While I can see this approach making some sense for small quantities of material, or maybe for partially collapsed barns, it pains me to hear that a viable barn has been turned into boards. It feels like a step backward.

Old barns are both beauty and beast. While they are extensively photographed to capture their aged and worn materials, it is these old materials that make a barn conversion difficult to comprehend and maybe even scary to some. The wood is old, rotten, cracked, and dirty.

You must be crazy to begin with a barn. But the massive beams are also rich with texture from being hewn by hand. They have a warm golden tone that only time can produce. The sheathing boards exposed to the weather read like driftwood or Van Gogh’s “Starry Night.” Yes, these barns are challenging to work with but the reward is well worth the effort.

bardwood

Serendipitous barn art

 

Done sensitively, an old barn can find new life mixed with new materials through a deft compromise of form, function and fabric and can be the center of really exciting “new” architecture. Whether your goal is to have an old barn within your house, or just to have the warmth and character of the hewn beams, or even to keep old material out of landfills, an old barn can provide a great starting point.

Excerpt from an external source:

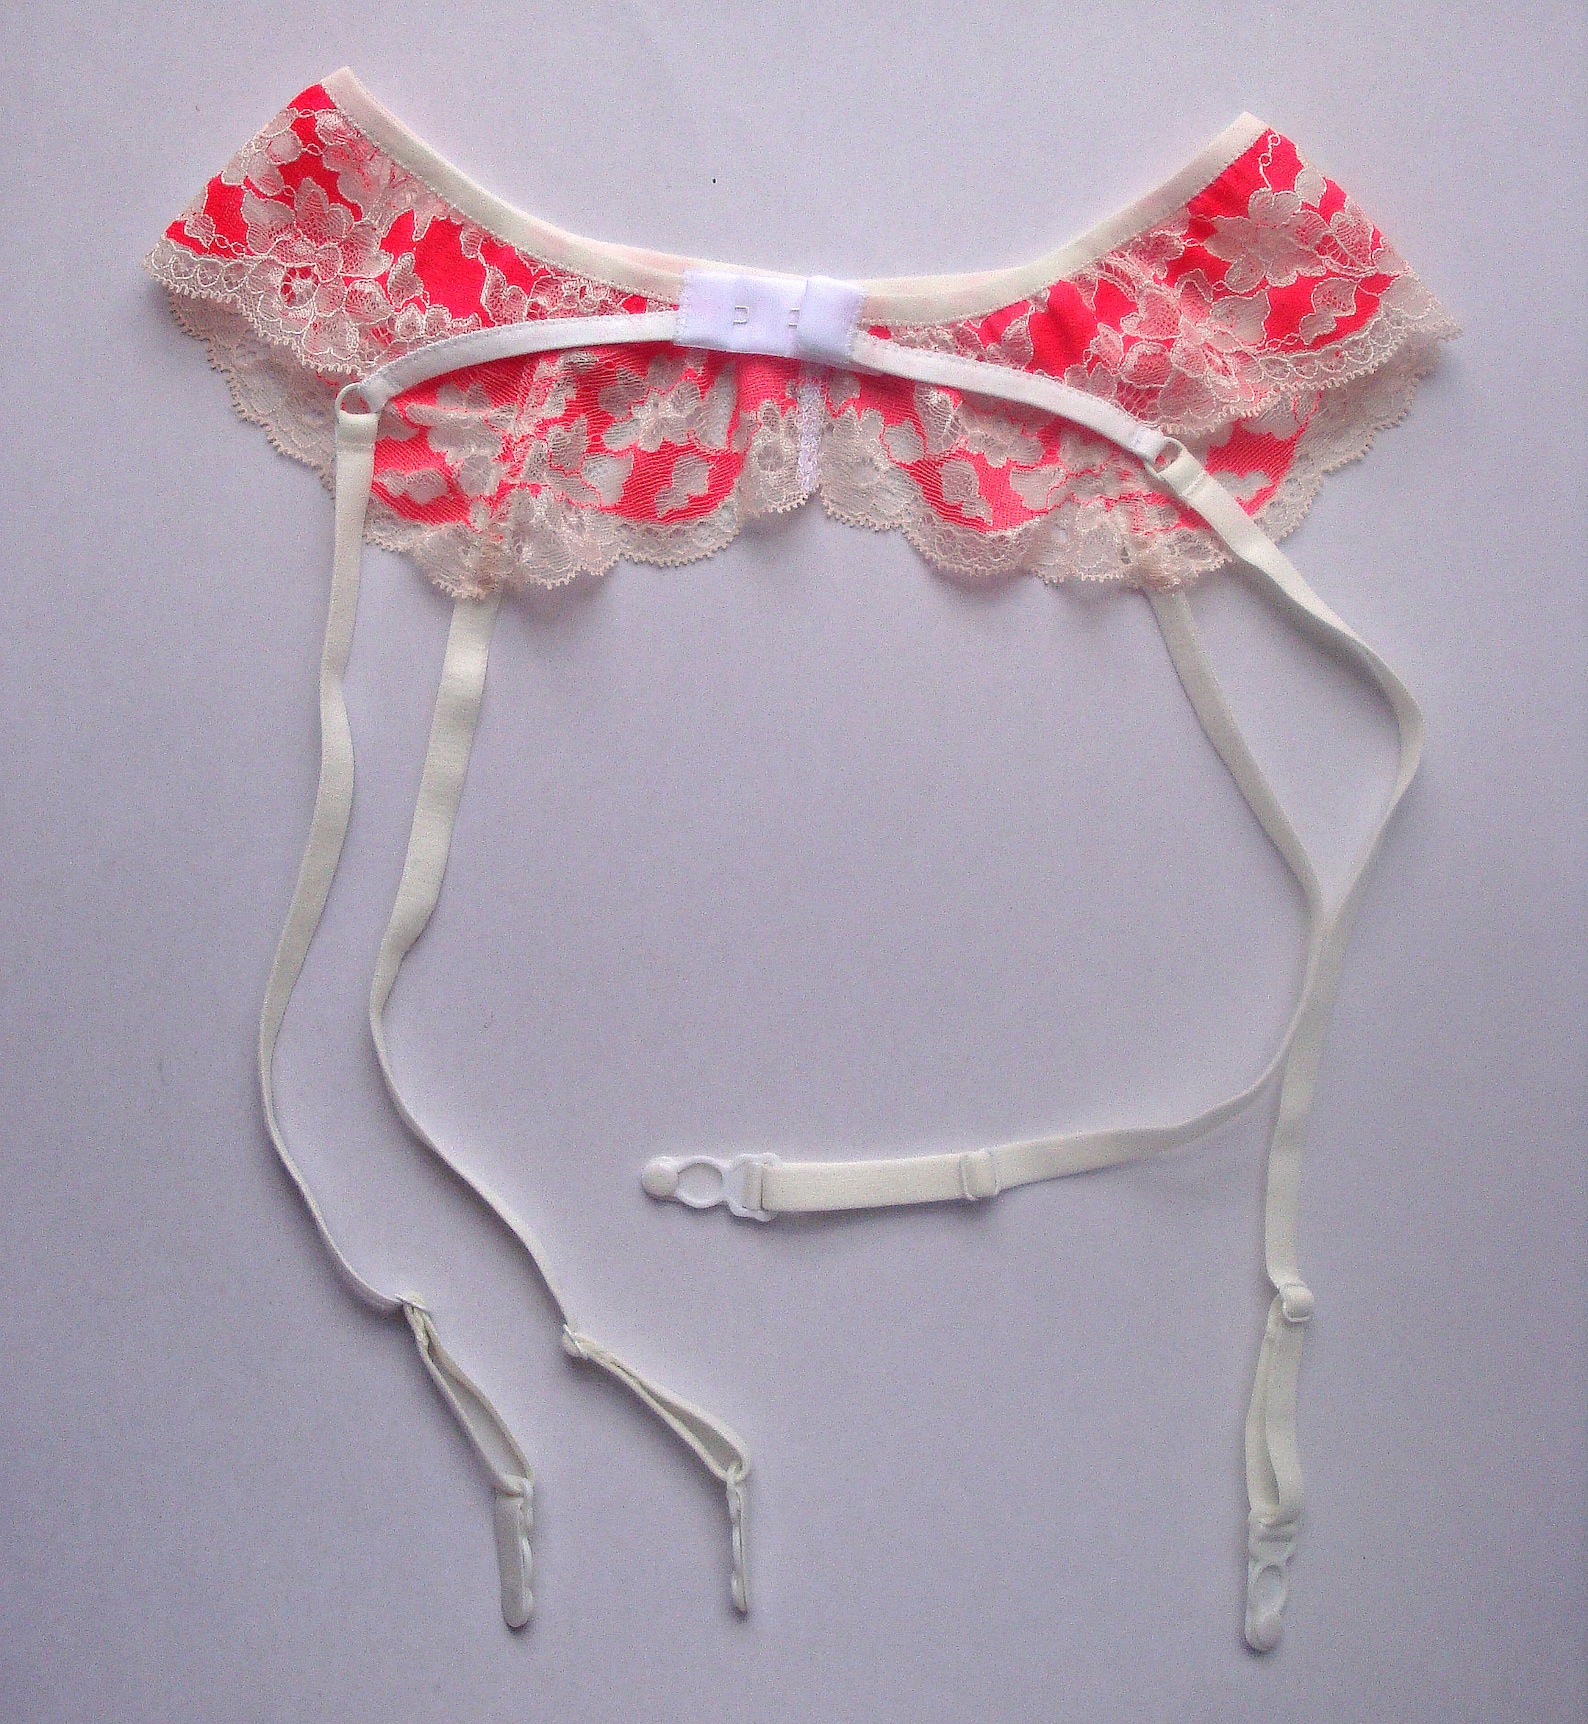 Lace garter belt Silk suspender belt Sheer lingerie Strappy | Etsy

A striking example of mixing new and old buildings is Camden Yards in Baltimore. In the 1980s, Baltimore’s downtown was backdropped by what was possibly the largest brick building on the east coast– the Baltimore and Ohio Warehouse. This building is eight stories high and over 1,000 feet long, but was abandoned. Roughly 80 years old at the time, the warehouse was both an icon and an eyesore. What do you do with 400,000 square feet of ruin? Some wanted to simply tear it down but instead it was given a new life as a major component to the new ball field. This warehouse is the windowed wall you see behind right field – it has been rehabilitated and adapted as part of the new ball field. Camden Yards’ architectural success launched a series of retro ball fields that embraced the warmth and scale of older ball parks.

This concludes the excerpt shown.